Excerpts from a dataset:
--- --- ---
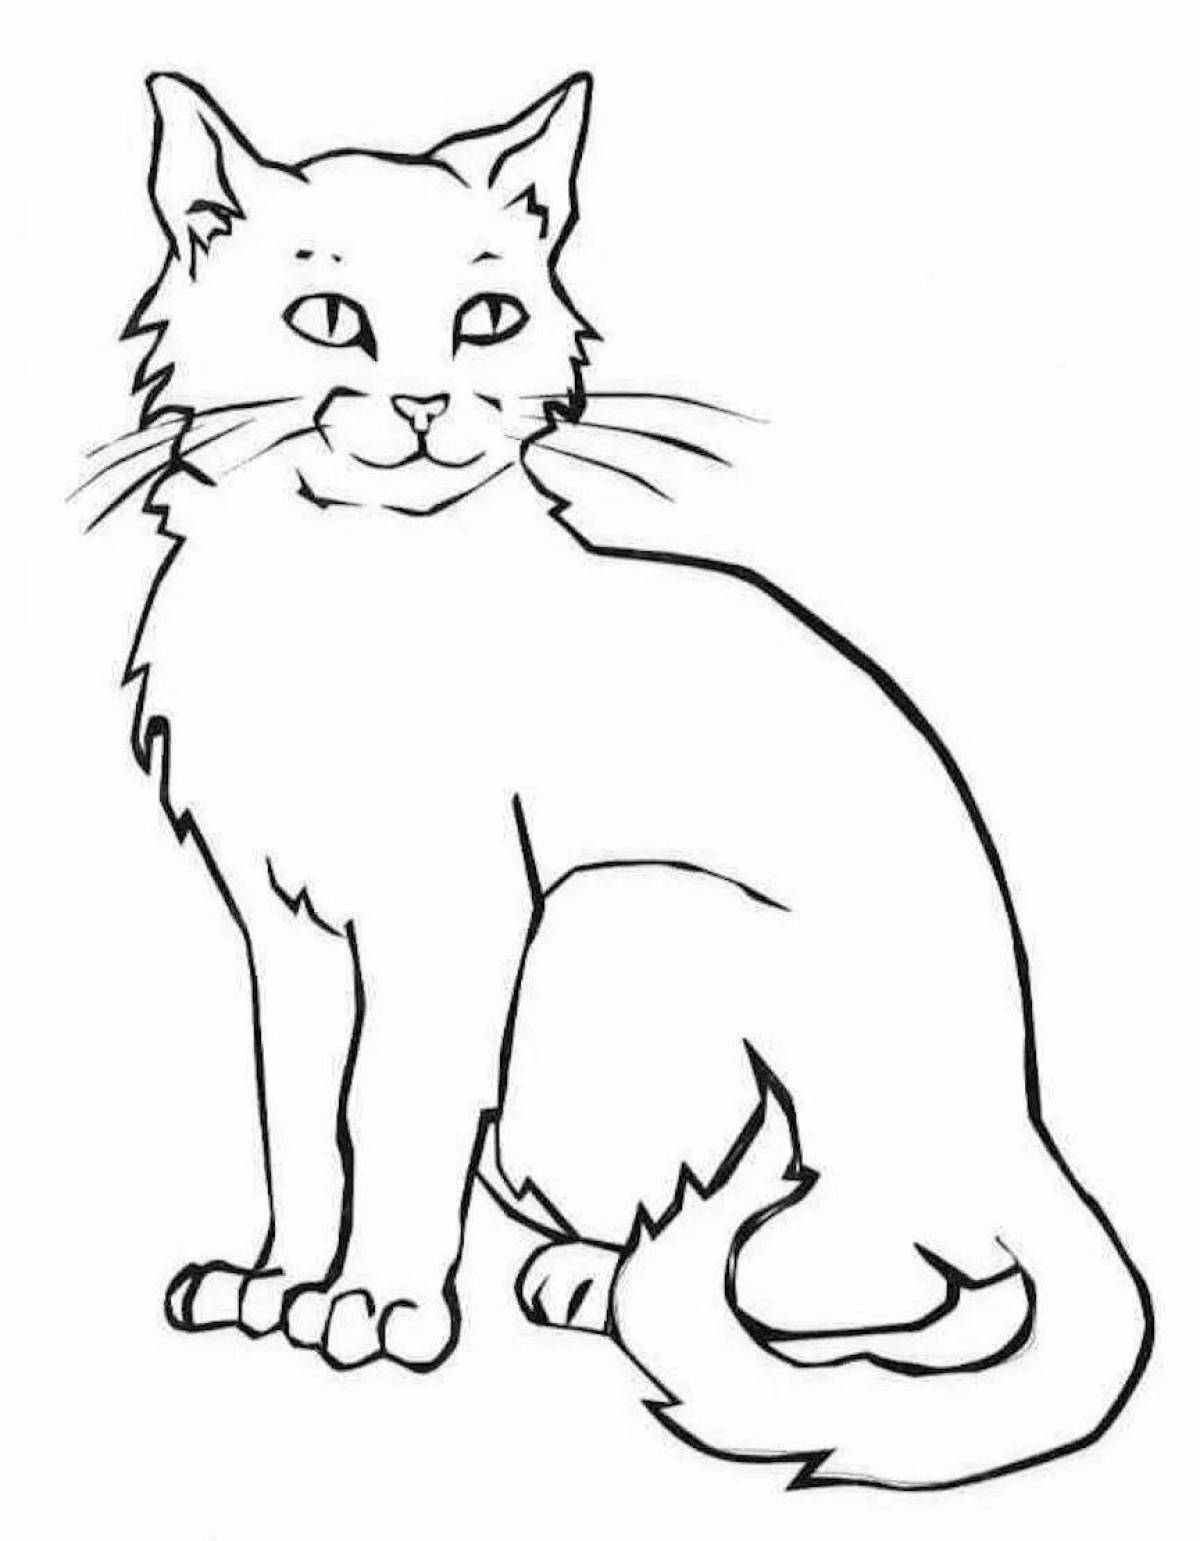 Любопытная черно-белая раскраска кота
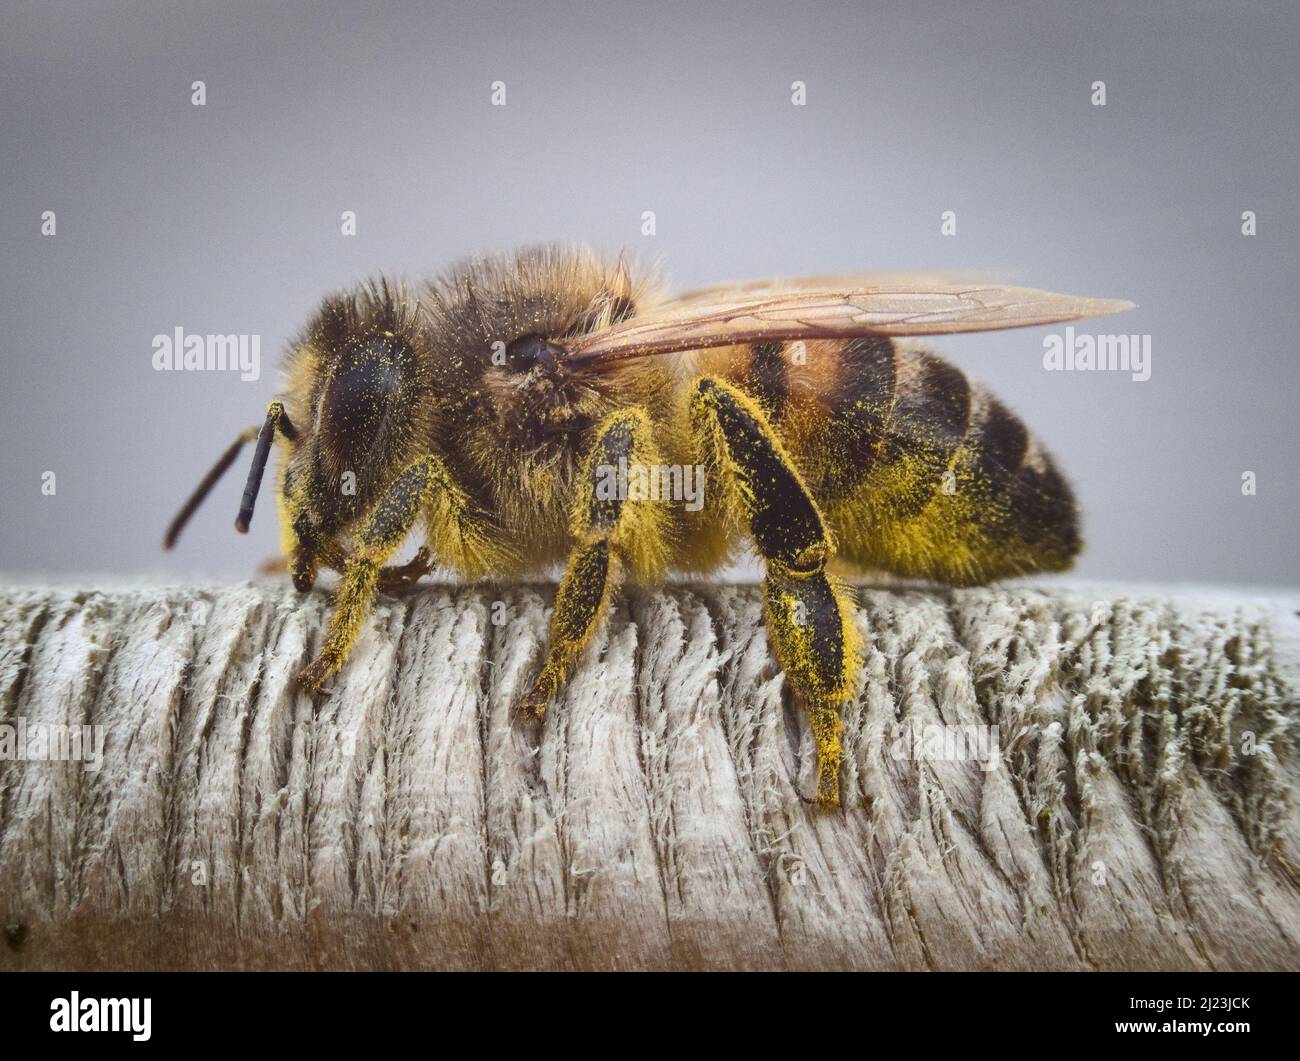 Macro fotografia dell'ape del miele occidentale primaverile (Apis mellifera) che riposa su un cancello di legno, coperto di polline, possibilmente da un dente di leone. REGNO UNITO. Foto Stock
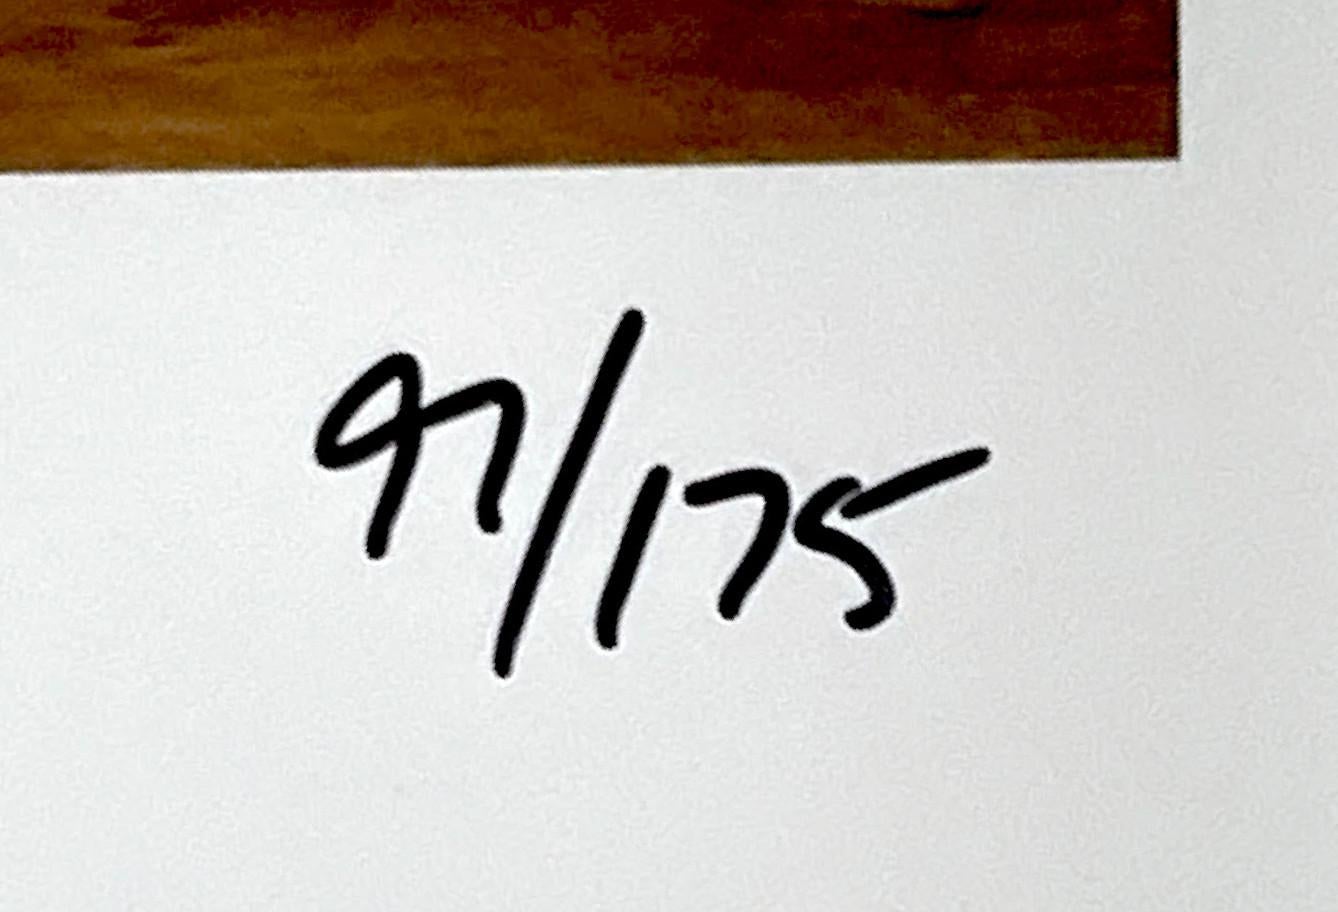 Mario Testino
Julianne Moore à l'hôtel Crillon, Paris 2008, 2010
C.I.C.C. sur papier Fuji crystal archive supergloss
Signé et numéroté 97/175 au marqueur noir par Mario Testino au recto.
Cadre inclus : mat et encadré dans un cadre en bois blanc avec
--- --- ---
> Task requirements
Write out exactly the lines that run from the one containing "C.I.C.C. sur papier" to the end of the records, both end lines included.

> Expected answer
C.I.C.C. sur papier Fuji crystal archive supergloss
Signé et numéroté 97/175 au marqueur noir par Mario Testino au recto.
Cadre inclus : mat et encadré dans un cadre en bois blanc avec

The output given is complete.